• [EXERCISE] From the line containing "Фото 1 - Автоэмаль" to the last line of the data below, copy everything exactly and nothing else; pictures stay out.

• [GIVEN INFORMATION]
++++++++++

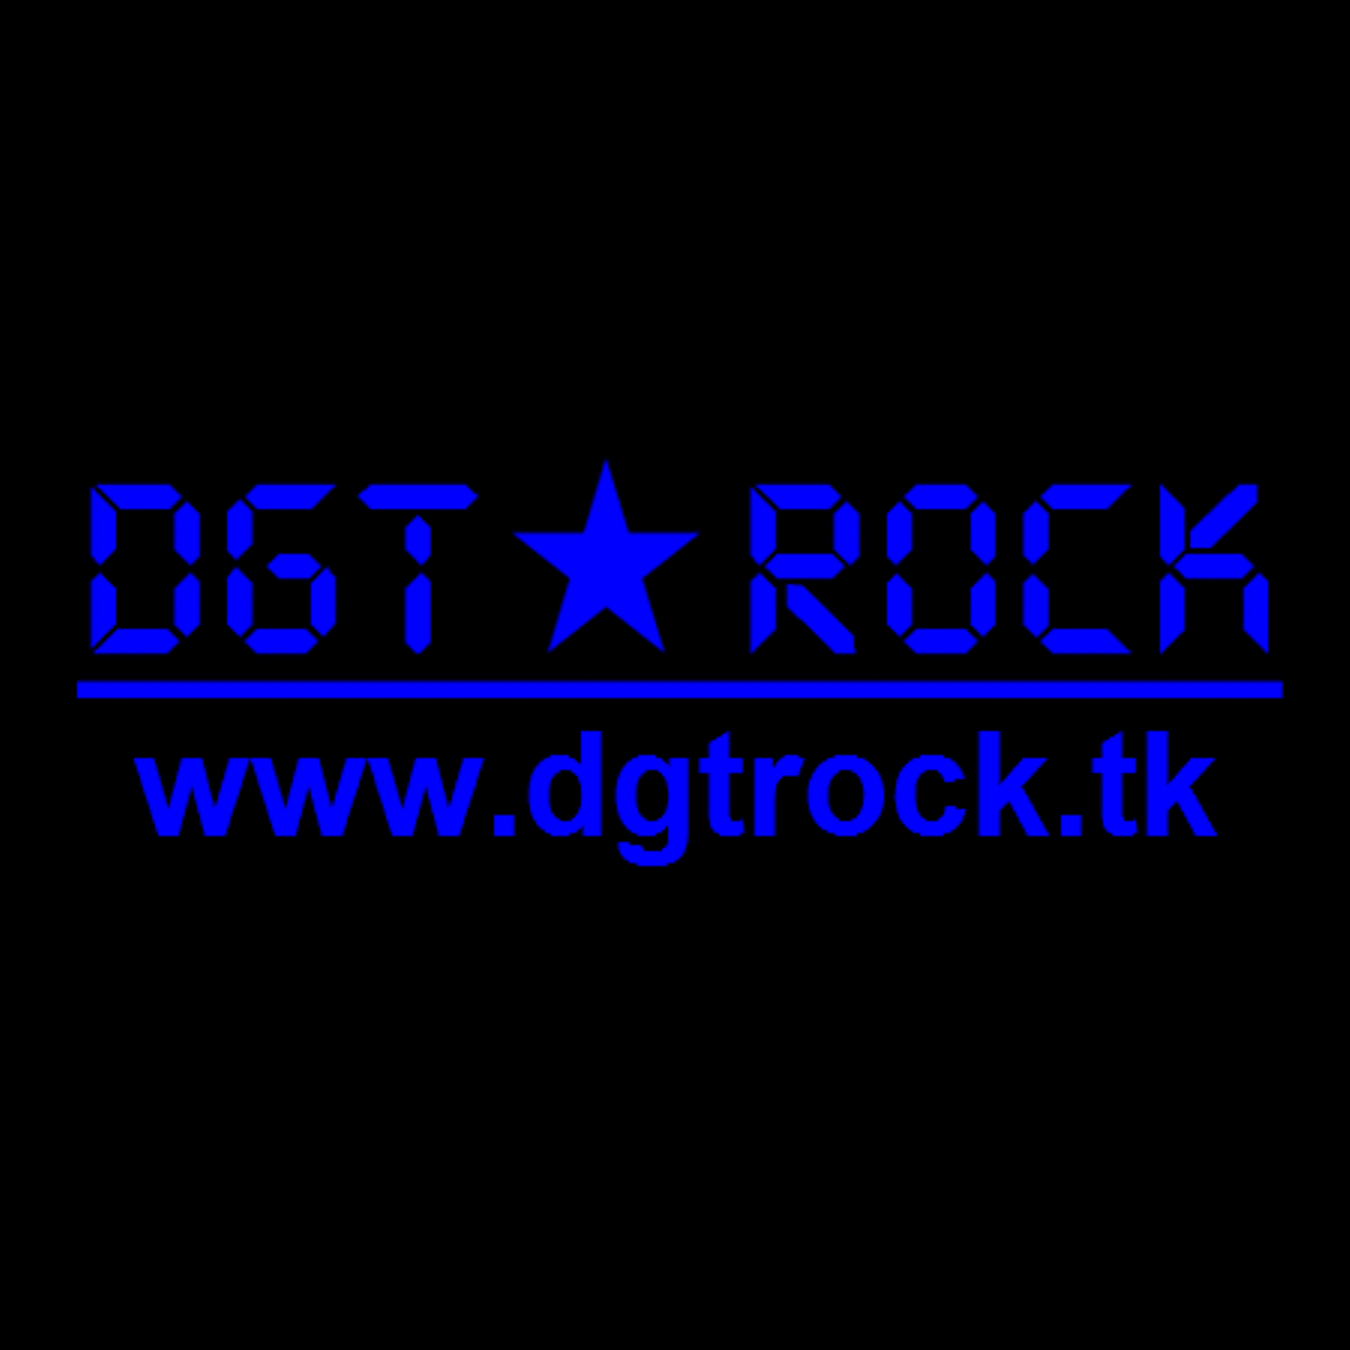 DGT ROCK - www.dgtrock.tk
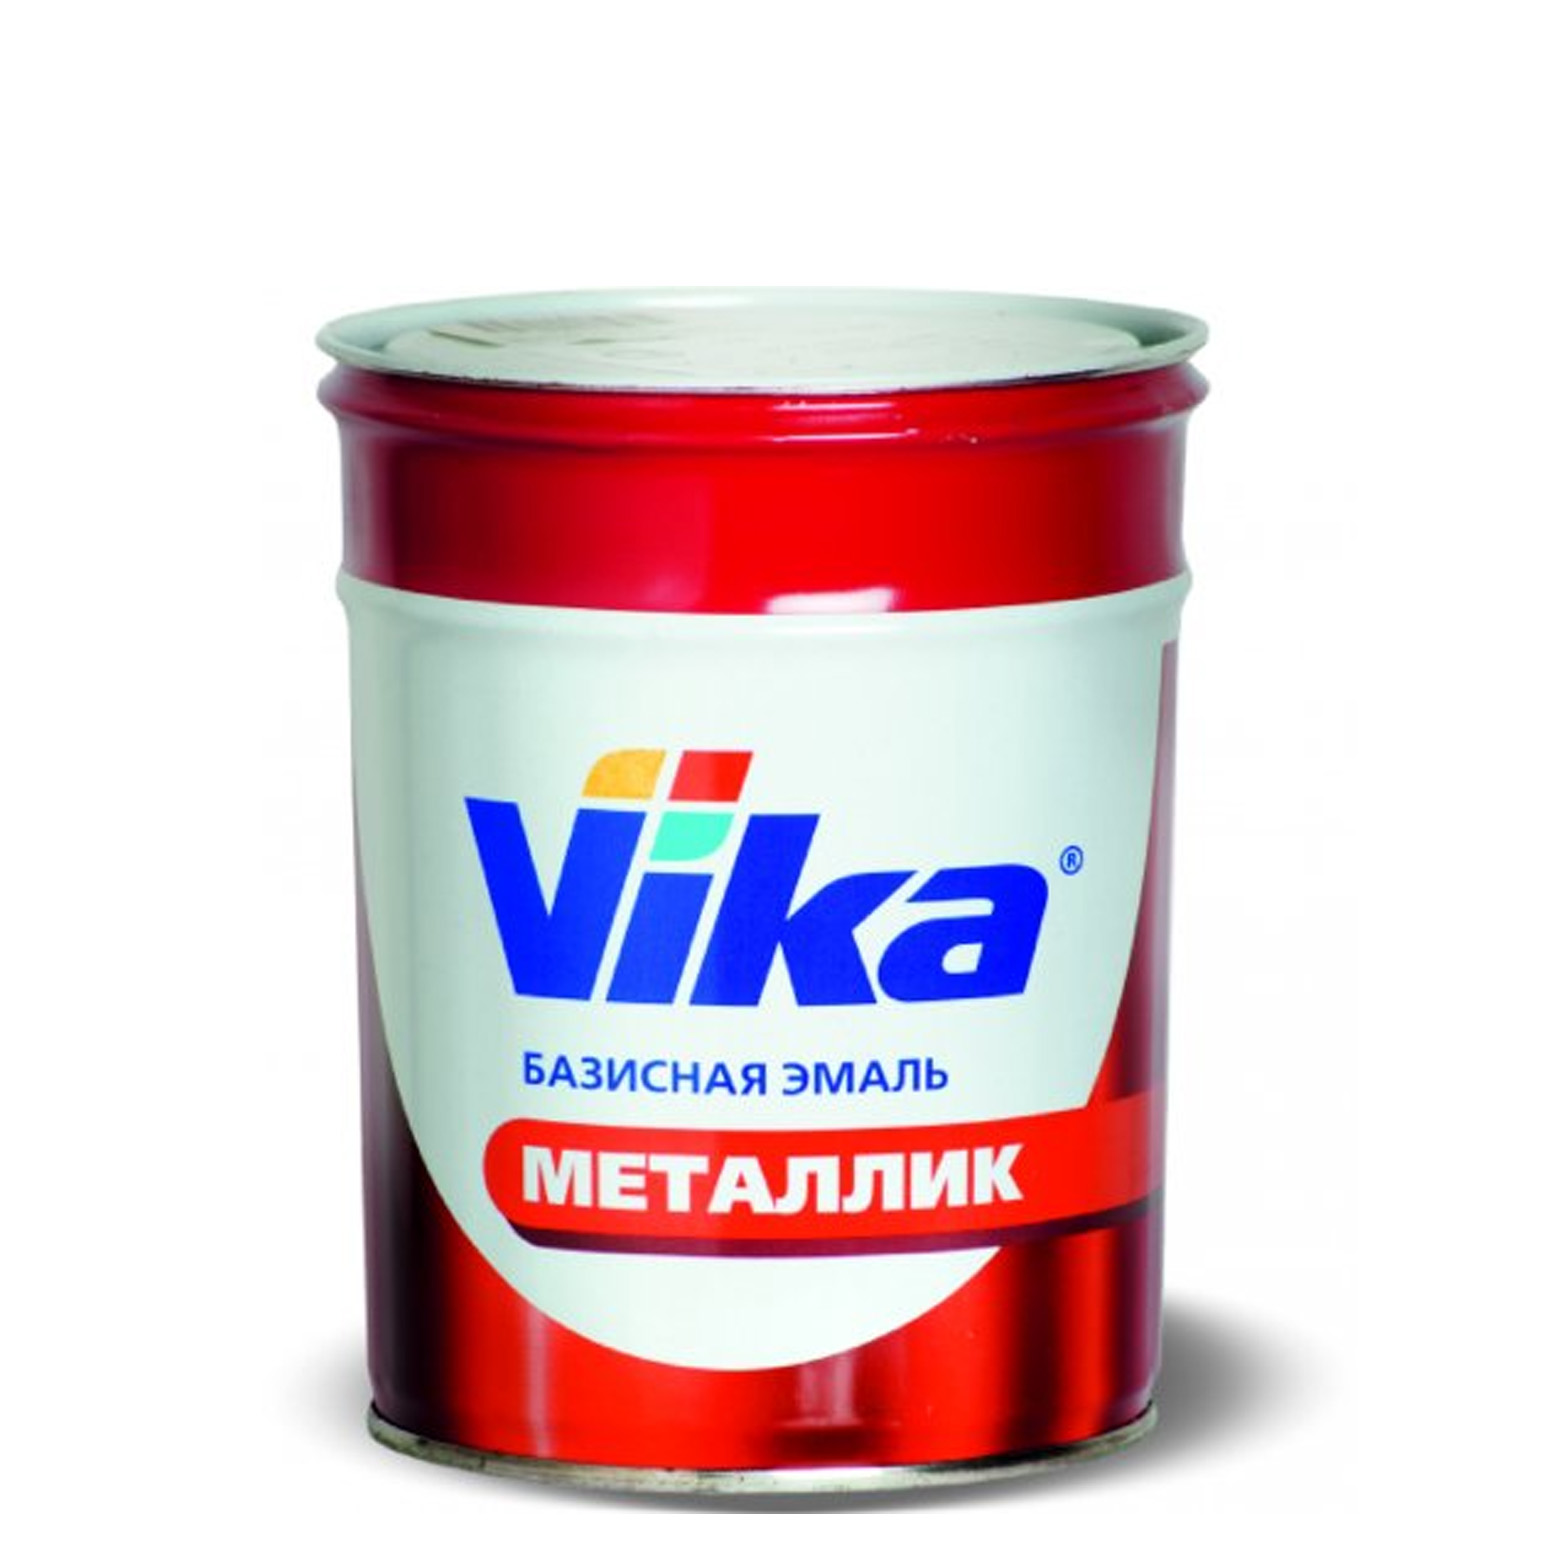 Фото 1 - Автоэмаль Металлик, цвет Сильвер, профессиональная базовая, - 0,9 кг Vika/Вика.
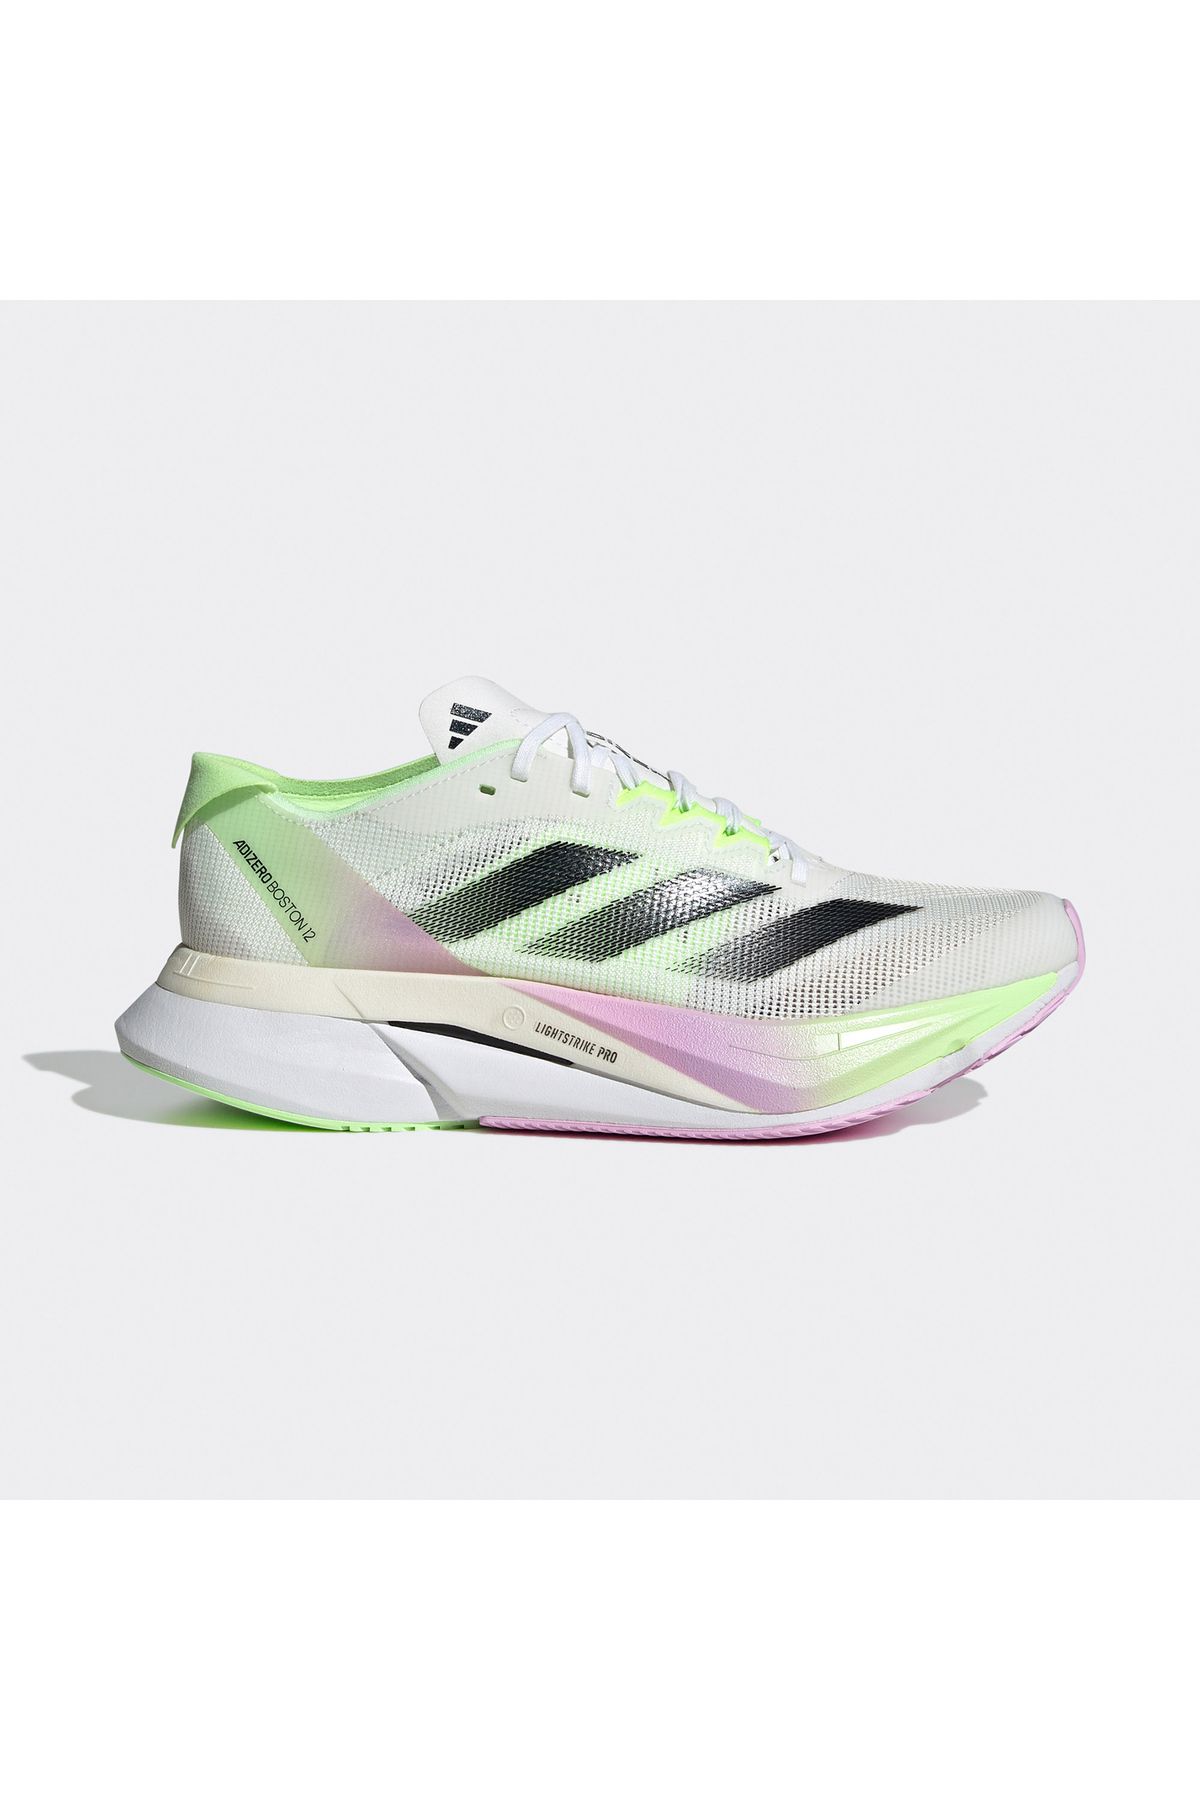 adidas Adizero Boston 12 Kadın Yeşil Koşu Ayakkabısı

++++++++++

• [EXERCISE RESPONSE]
 Фото 1 - Автоэмаль Металлик, цвет Сильвер, профессиональная базовая, - 0,9 кг Vika/Вика.
 adidas Adizero Boston 12 Kadın Yeşil Koşu Ayakkabısı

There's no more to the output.